I was wondering why it's broken. How could people enter this time if I never saw the button at all? I'm so confused. >.< I've never had this happen before.


----------



## Destinystar (May 26, 2012)

Sadly it is not working again so I will report this issue to Admin. Yung and see when his tech team can look into it. In the mean time don't forget about the Holiday Fishmas Jingle Contest. Merry Christmas and Happy Holidays everyone ! 

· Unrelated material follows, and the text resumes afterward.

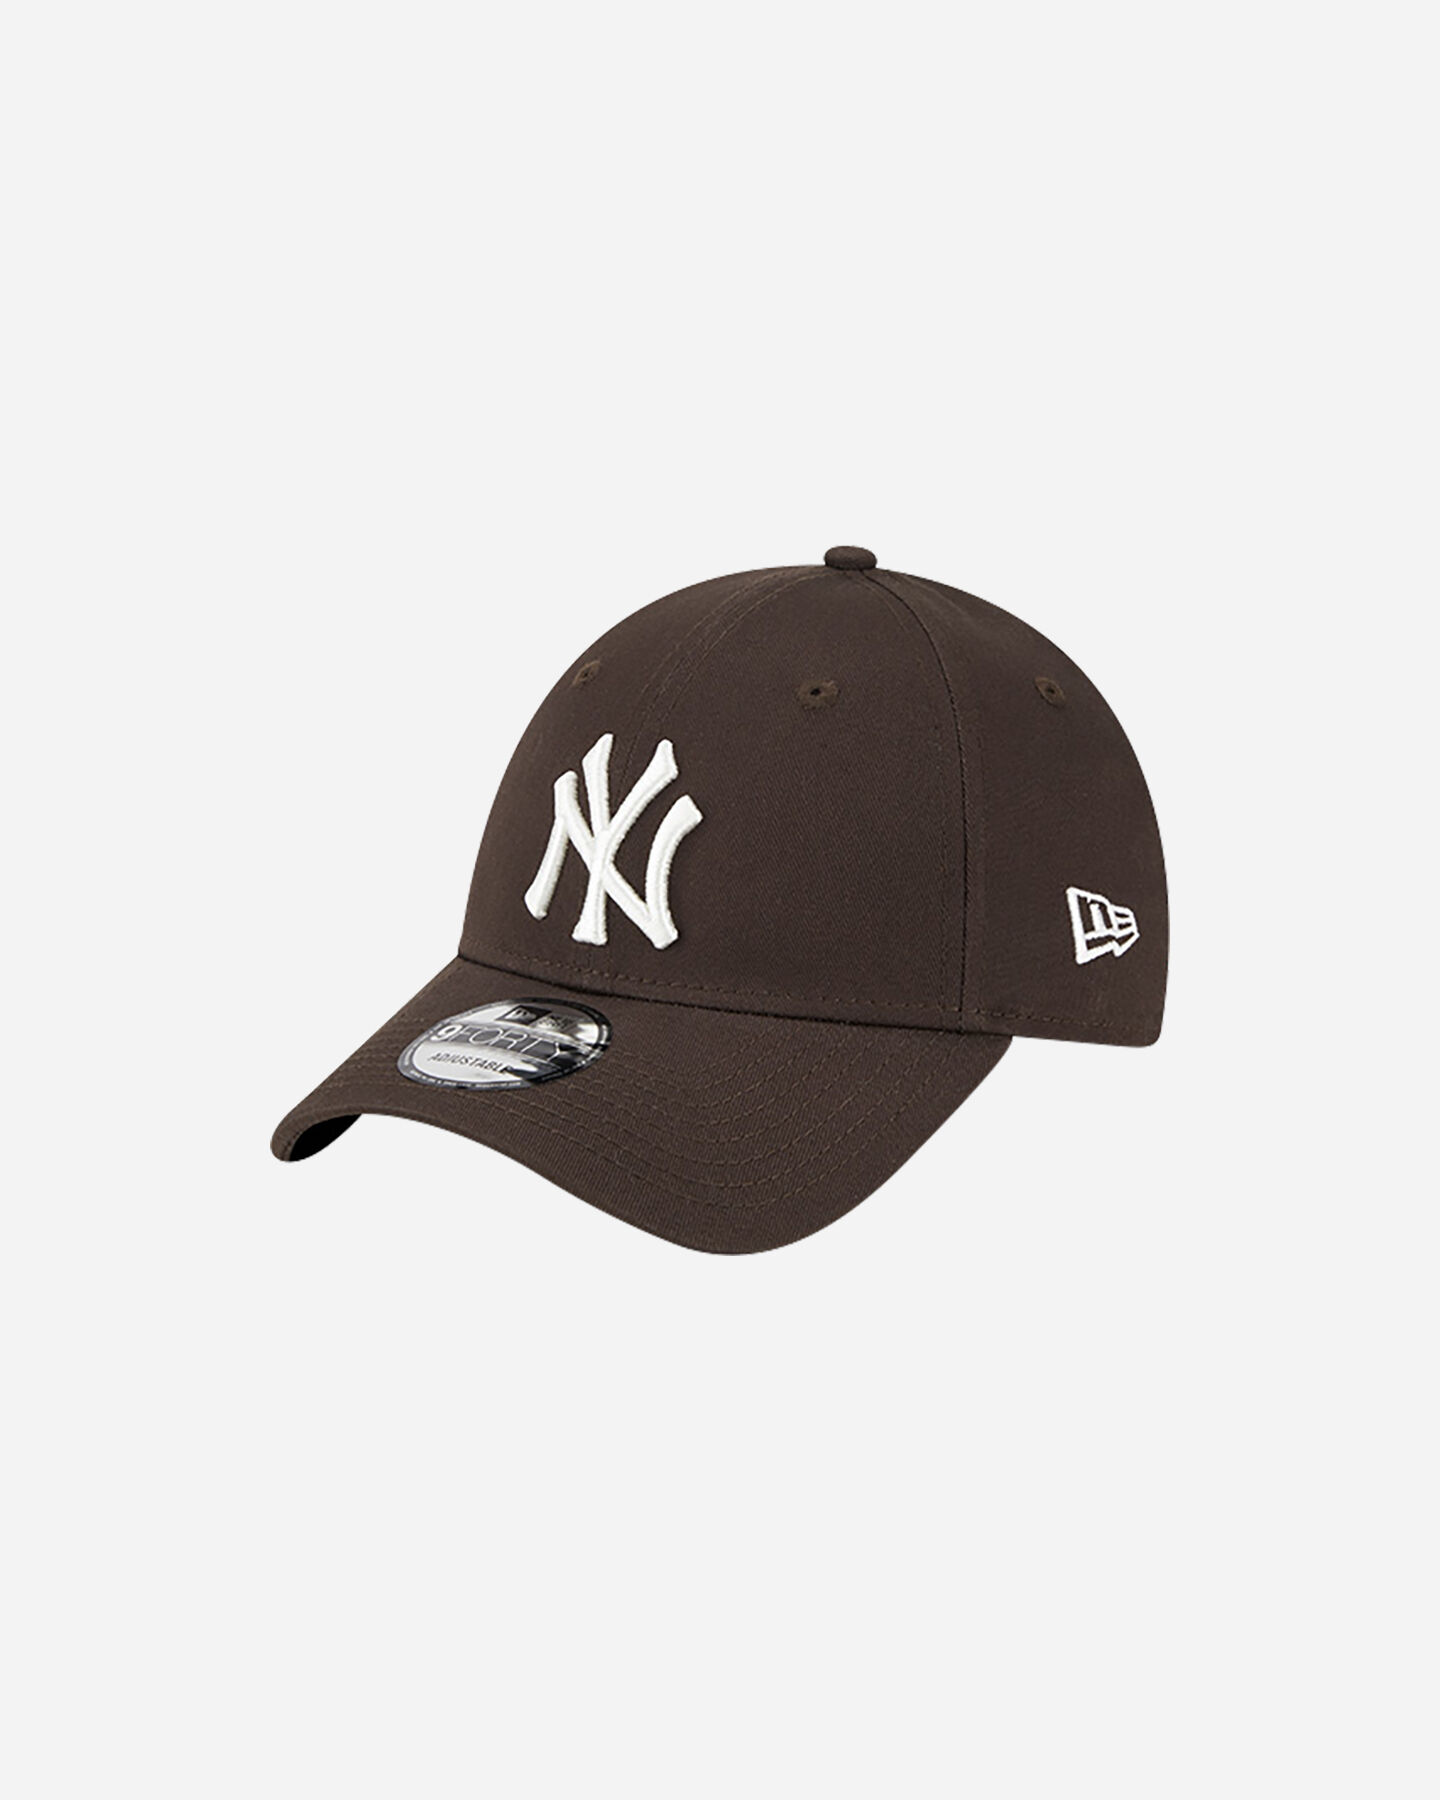  Cappellino NEW ERA 9FORTY MLB LEAGUE NEW YORK YANKEES  S5630960|201|OSFM scatto 0

http://www.tropicalfishkeeping.com/lounge/holiday-song-contest-316346/


----------



## ao (Feb 29, 2012)

I wonder if it's even possible to remove it without breaking the forum, it's actually not a bad idea. I'll put it up for discussion 

T_T To be honest, it's frustrating here too... it's one of those things mods can't fix


----------



## dramaqueen (Jul 7, 2008)

Thank you, Kitty.


----------



## MattsBettas (Dec 18, 2012)

I have no clue about most the coding that's behind this site but I know there's a lot of custom coding and that if something as simple as changing the classifieds a little could mess up the forum a lot for a bunch of members, I can only imagine what could go wrong if a component was removed. 

I would rather see it fixed then gone... I really liked the contest when it worked. It is kind of annoying that this issue has being going on for so long, though.


----------